The train came, and they went on board, sitting on either side a little
table, by the window, in the restaurant car. Birkin glanced over his
paper, then looked up at Gerald, who was waiting for him.
'I believe the man means it,' he said, 'as far as he means anything.' 'And do you think it's true? Do you think we really want a new gospel?'
asked Gerald.
Birkin shrugged his shoulders.
'I think the people who say they want a new religion are the last to
accept anything new. They want novelty right enough. But to stare
straight at this life that we've brought upon ourselves, and reject it,
absolutely smash up the old idols of ourselves, that we sh'll never do.
You've got very badly to want to get rid of the old, before anything
new will appear--even in the self.' Gerald watched him closely.

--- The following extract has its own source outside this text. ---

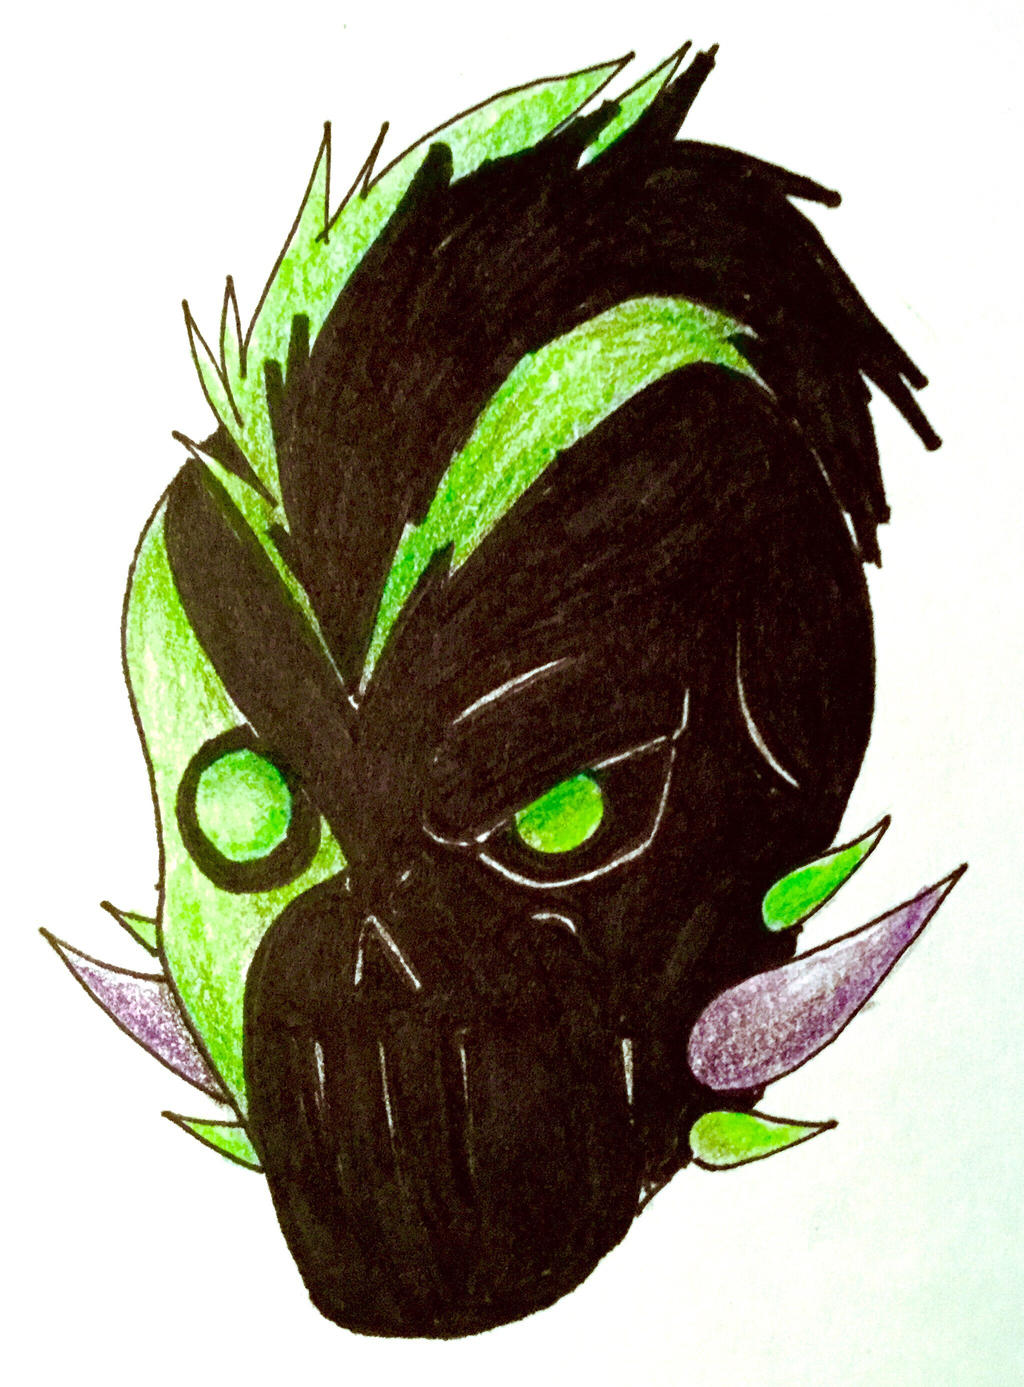 My Oc Villain Mask By Bethanygamemaster On Deviantart

'You think we ought to break up this life, just start and let fly?' he
asked.
'This life. Yes I do. We've got to bust it completely, or shrivel
inside it, as in a tight skin. For it won't expand any more.' There was a queer little smile in Gerald's eyes, a look of amusement,
calm and curious.
'And how do you propose to begin? I suppose you mean, reform the whole
order of society?' he asked.
Birkin had a slight, tense frown between the brows. He too was
impatient of the conversation.
'I don't propose at all,' he replied. 'When we really want to go for
something better, we shall smash the old. Until then, any sort of
proposal, or making proposals, is no more than a tiresome game for
self-important people.' The little smile began to die out of Gerald's eyes, and he said,
looking with a cool stare at Birkin: 'So you really think things are very bad?' 'Completely bad.' The smile appeared again.
'In what way?' 'Every way,' said Birkin. 'We are such dreary liars. Our one idea is to
lie to ourselves. We have an ideal of a perfect world, clean and
straight and sufficient. So we cover the earth with foulness; life is a
blotch of labour, like insects scurrying in filth, so that your collier
can have a pianoforte in his parlour, and you can have a butler and a
motor-car in your up-to-date house, and as a nation we can sport the
Ritz, or the Empire, Gaby Deslys and the Sunday newspapers. It is very
dreary.' Gerald took a little time to re-adjust himself after this tirade.
'Would you have us live without houses--return to nature?' he asked.